The Environmental Protection Agency (EPA) released the Working Guidance on EPA’s Section 8(a) Information Gathering Rule on Nanomaterials in Commerce (Guidance)[1] on August 14, 2017.  EPA developed the final Guidance based on a draft guidance published for comments in May 2017 (see B&D Alert from May 23, 2017).  Note that August 14, 2017 was also the effective date of the TSCA Section 8(a) Nanomaterial Reporting rule itself.

Review of the TSCA Section 8(a) Nanomaterial Reporting Rule 

EPA promulgated a final rule (the Section 8(a) Rule or the Rule) to impose manufacturer and processor reporting obligations for certain nanomaterials under Section 8(a) of the Toxic Substances Control Act (TSCA).[2]  In short, the rule requires companies, unless exempt, to report to EPA a range of information related to “discrete forms” of nanoscale “reportable chemical substances.”  Such reports for existing manufacturing or processing activities must generally be furnished within one year after the rule becomes effective (i.e., August 14, 2018, after the effective date was delayed as noted below).  Prospectively, companies must report either at least 135 days before commencing future manufacturing or processing activities, or within 30 days of the formation of their intent to manufacture or process covered nanomaterials.  

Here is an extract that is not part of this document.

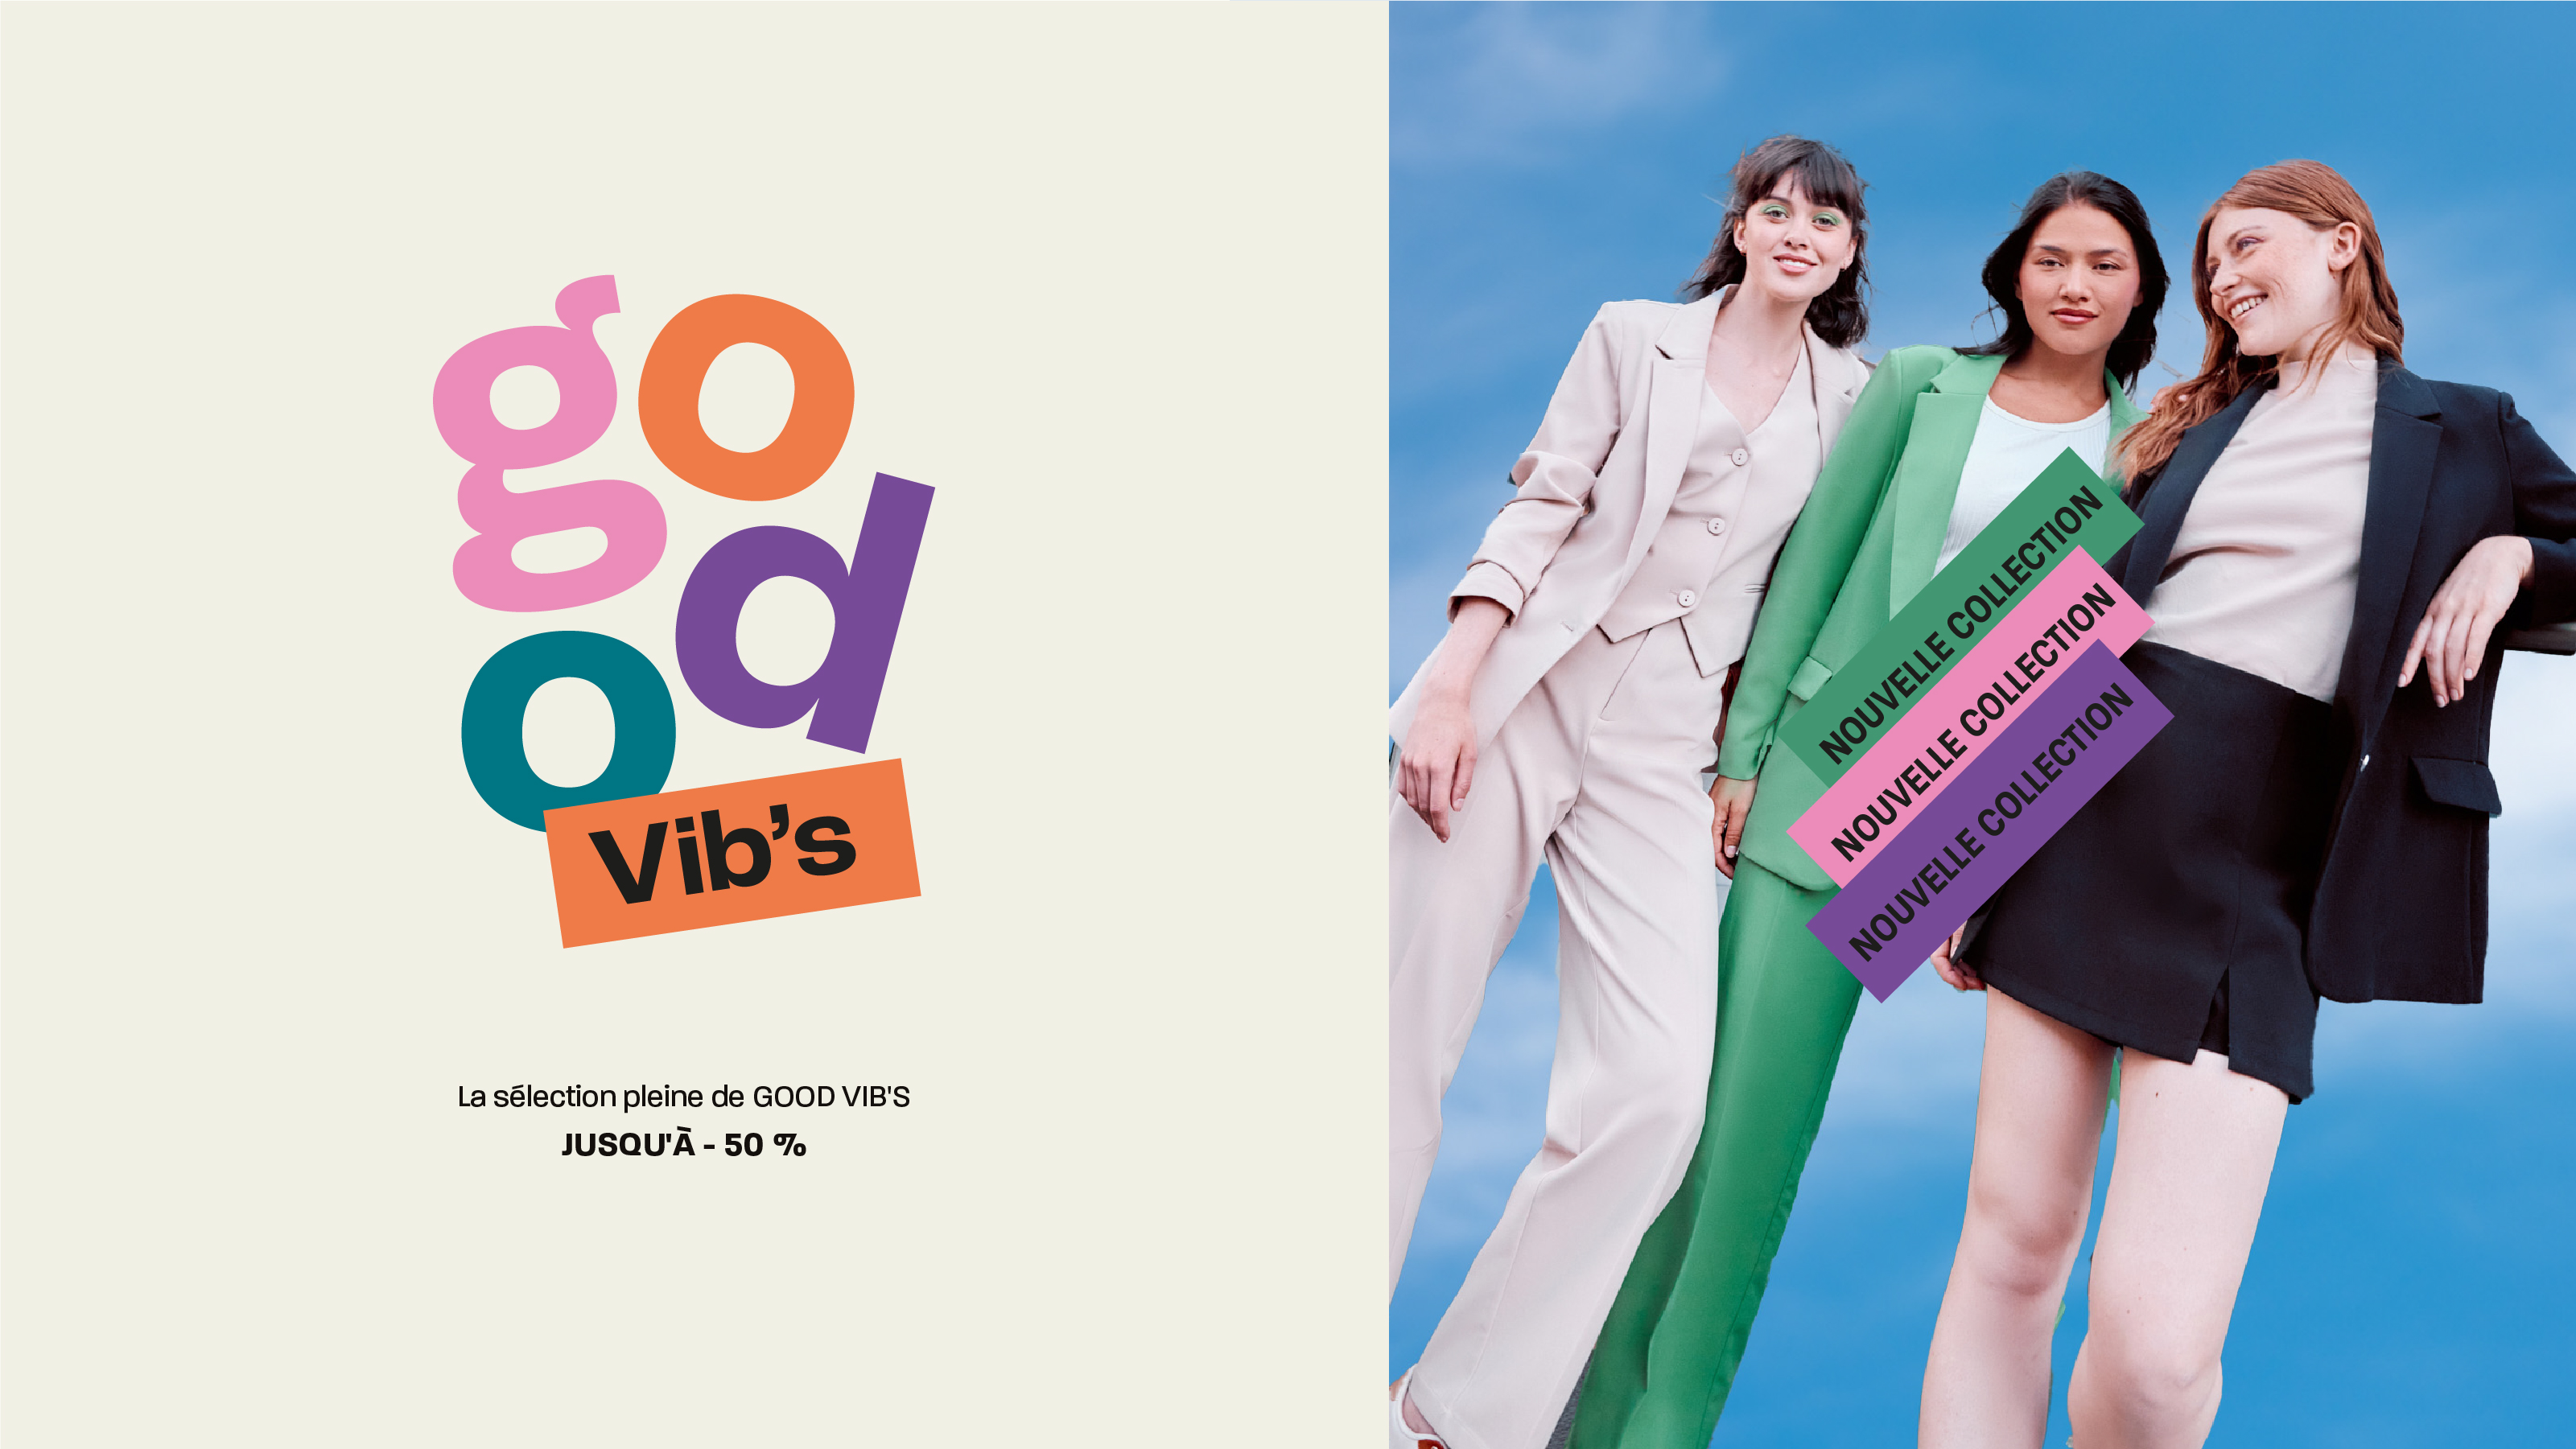 Rebranding Vib's good vib's

The Section 8(a) Rule was originally scheduled to become effective on May. 12, 2017. EPA, however, received various questions and feedback after the rule was finalized.  The Agency therefore postponed the effective date of the rule to August 14, 2017, noting that “the public interest is served by complete and accurate reporting under the rule, which would be greatly facilitated by publication of the guidance.”[3]  EPA published a draft guidance document on May 16 to solicit comments.[4]  This latest release on August 14, 2017 is the finalized version of that guidance. 

Key Messages from the final Guidance 

With the draft guidance, the final Guidance takes the form of Frequently Asked Questions (FAQs). Below are a few important messages from the Guidance.  Note that this summary does not include all questions and answers in the Guidance. 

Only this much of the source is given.